Os presidentes do Chile, Argentina, Colômbia,
Bolívia, México, etc podem liderar esse posicionamento latino americano em
nome, inclusive, da preservação da democracia em seus próprios países que,
direta ou indiretamente, a continuidade eventual do atual governo ameaçará.
Não bastarão as coligações internas, e nem mesmo um
massivo FORA BOSONARO, que foi esvaziado das ruas pelos partidos de esquerda
que apostaram na hemorragia de bolsonaro. Nada disso será o suficiente. É
preciso força institucional internacional e um posicionamento irrevogável pela
democracia, que estará em risco em todo o continente, se bolsonaro encontrar
meios de se preservar no poder.
O governo dos EUA hoje se posiciona por eleições
livres e justas e em nome da democracia, tendo feito o contrário em 1964.
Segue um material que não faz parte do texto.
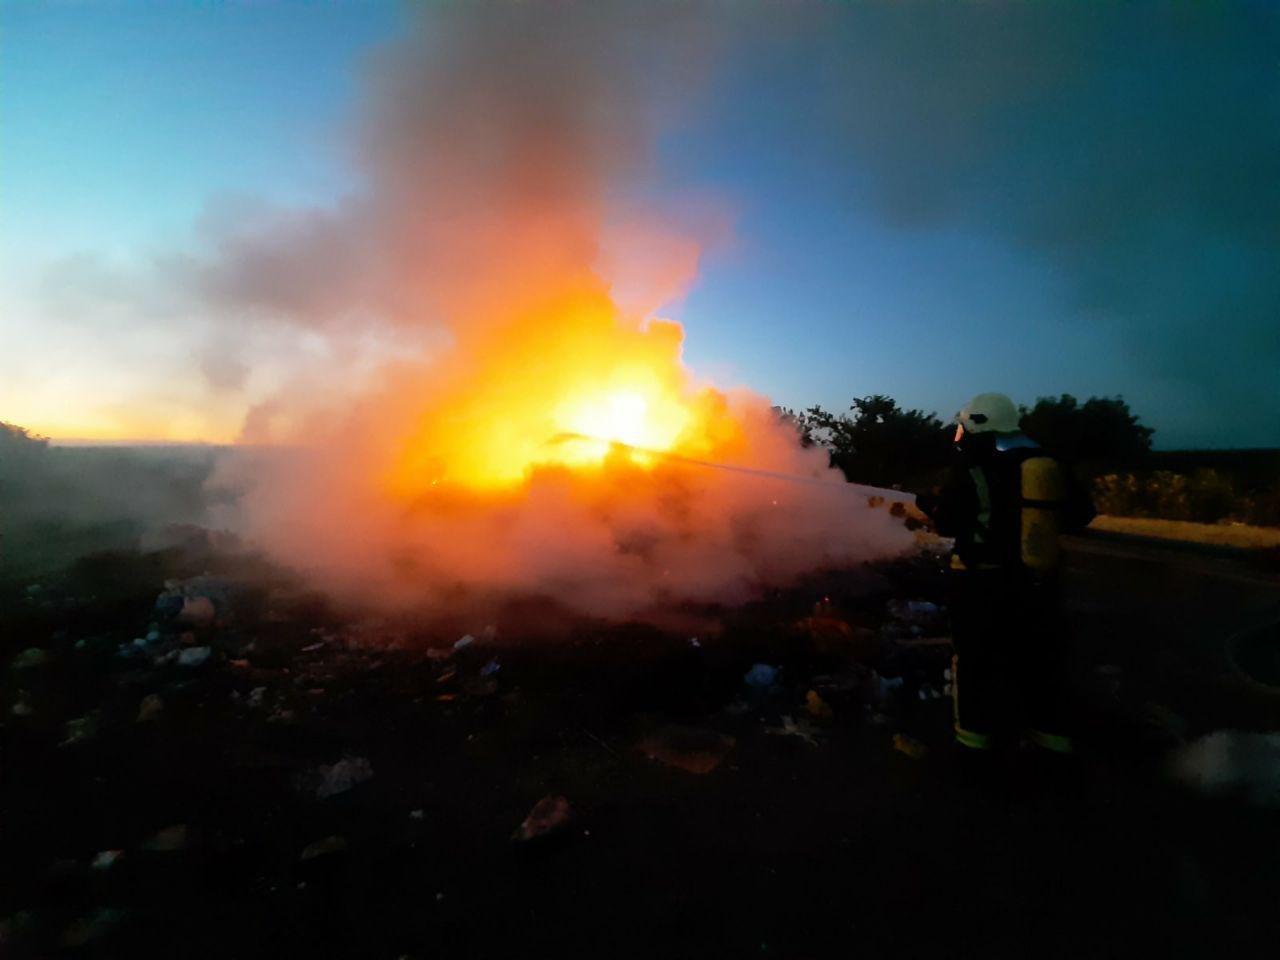 Кіровоградська область: рятувальники приборкали 8 пожеж різного характеру, фото-3

Esperemos, ao menos neutralidade nesse caso. Porém, nenhuma ação será eficaz
contra esse governo, quando e se for derrotado, se não resguardar uma potência
de força e ação imediata contra o golpe armado que bolsonaro prepara desde o
primeiro dia de seu mandato.
Não há tempo para ingenuidades, nem denegação ou
fuga de nosso passado traumático. O prestígio internacional de Lula tem de
servir agora de esteio por uma aliança vigorosa, contra os riscos de
calcinamento da democracia do maior país da américa latina, hoje em chamas.
É preciso afirmar as lições da história. Gandhi
jamais pararia um Hitler e nenhum STF segurará, como fez até agora, os anseios
de destruição de alguém que atua exclusivamente em nome da preservação dos
próprios privilégios e de uma única família. No Brasil o que temos é um
arremedo de Hitler.
Os partidos que são os principais responsáveis pelo
esvaziamento das ruas após a tentativa de golpe fracassado no último 07 de
setembro, devem corrigir o erro agora pelo FORA BOLSONARO nas ruas e são eles
que devem buscar o apoio internacional inconteste em nome de sua própria existência
futura que, sem isso, será reduzida no futuro a uma espúria disputa Arena X
MDB, sem MDB.
Mas também podemos sentar sobre o ‘não há clima
para golpe no Brasil’. Mas falta avisar o ocupante do cargo a presidente, seus
apoiadores diretos, civis e militares que ocupam com altos salários milhares de
cargos no governo, e os milhões que pretendem mantê-lo no cargo.